Every day, the state and federal governments are announcing solutions and relief for workers and businesses, some of which will likely not be helpful as a practical matter, but some of which might . And although it won’t apply to many employers, the State of Ohio also has a SharedWork program that is available to employers who may otherwise be laying off their full-time hourly staff, subject to certain income criteria.

How can we help?

Bankruptcy is the last resort and we work to keep clients out of it by helping them restructure, reduce or workout their debt obligations with their creditors.
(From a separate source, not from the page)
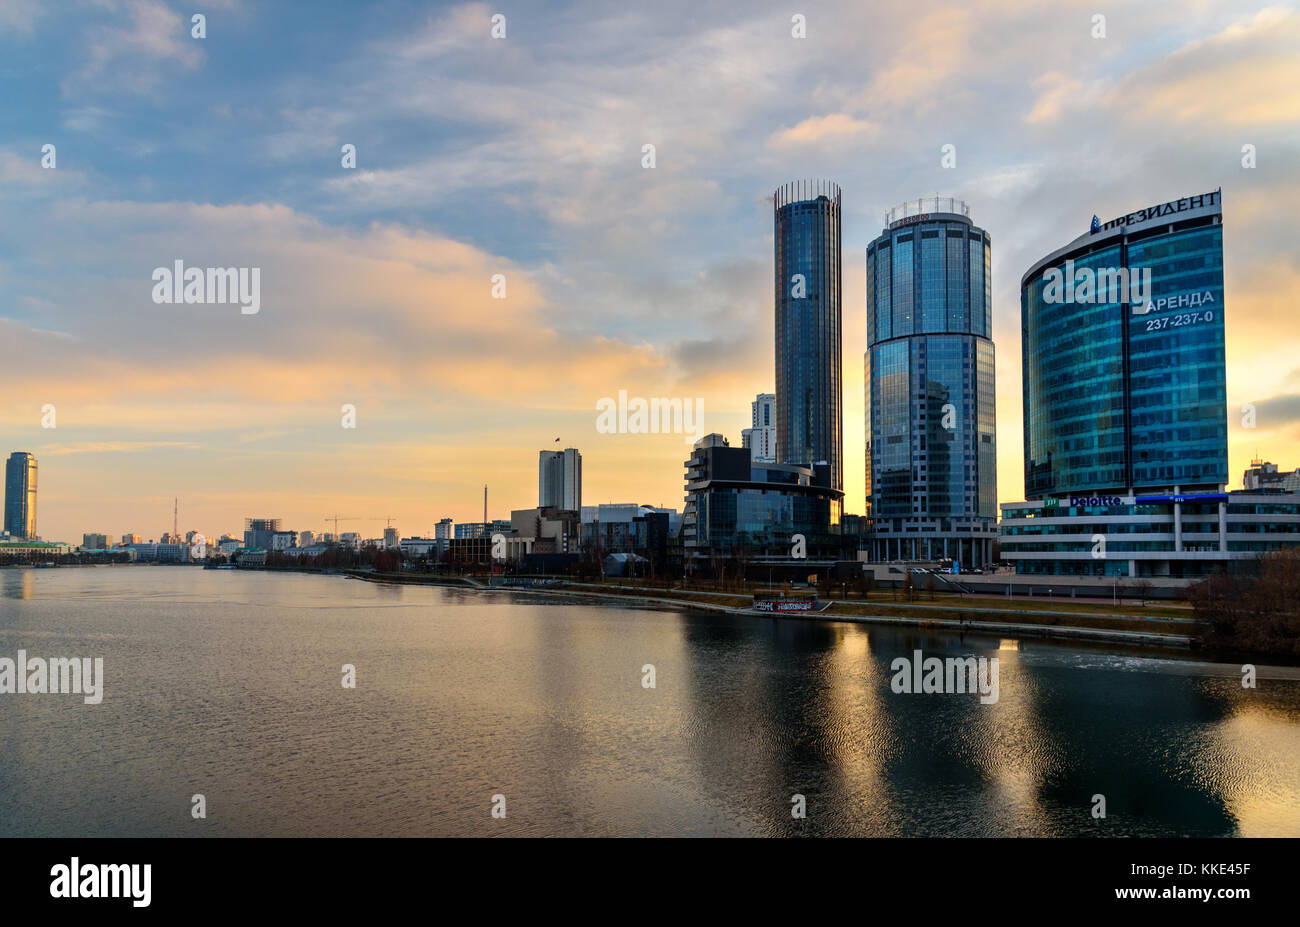 Yekaterinburg, Russia - 11 November, 2017: View of commercial district Yekaterinburg-City on sunset. With Buildings of Regional Government and Parliam Stock Photo

This often begins with a process of prioritizing debt obligations and analyzing which creditors to pay, which to defer and which to approach with negotiations.

There are a number of other strategies that may make sense for you, and our team is available to discuss all potential options.


To recap, there are a number of key actions that should be taken by any business dealing with a serious financial hardship, considering restructuring or potentially facing a bankruptcy filing:

  1. Create an 8-12 week cash flow forecast and creditor matrix that can be updated quickly and easily.
  2. Make a detailed list of your AR and be cognizant of the likelihood that payment will be extended.
  3. Keep your insurance up to date.
  4. Timely file your taxes (even if you can’t pay the associated liability right now).
  5. Stay abreast of government programs and resources for struggling businesses, including SBA loans, as they come online in the coming days and weeks.
  6. Consider potential restructuring options in concert with your creditors and business advisors.
  7. Weigh different workforce reduction options.
  8. Prepare for a significant amount of work throughout the process.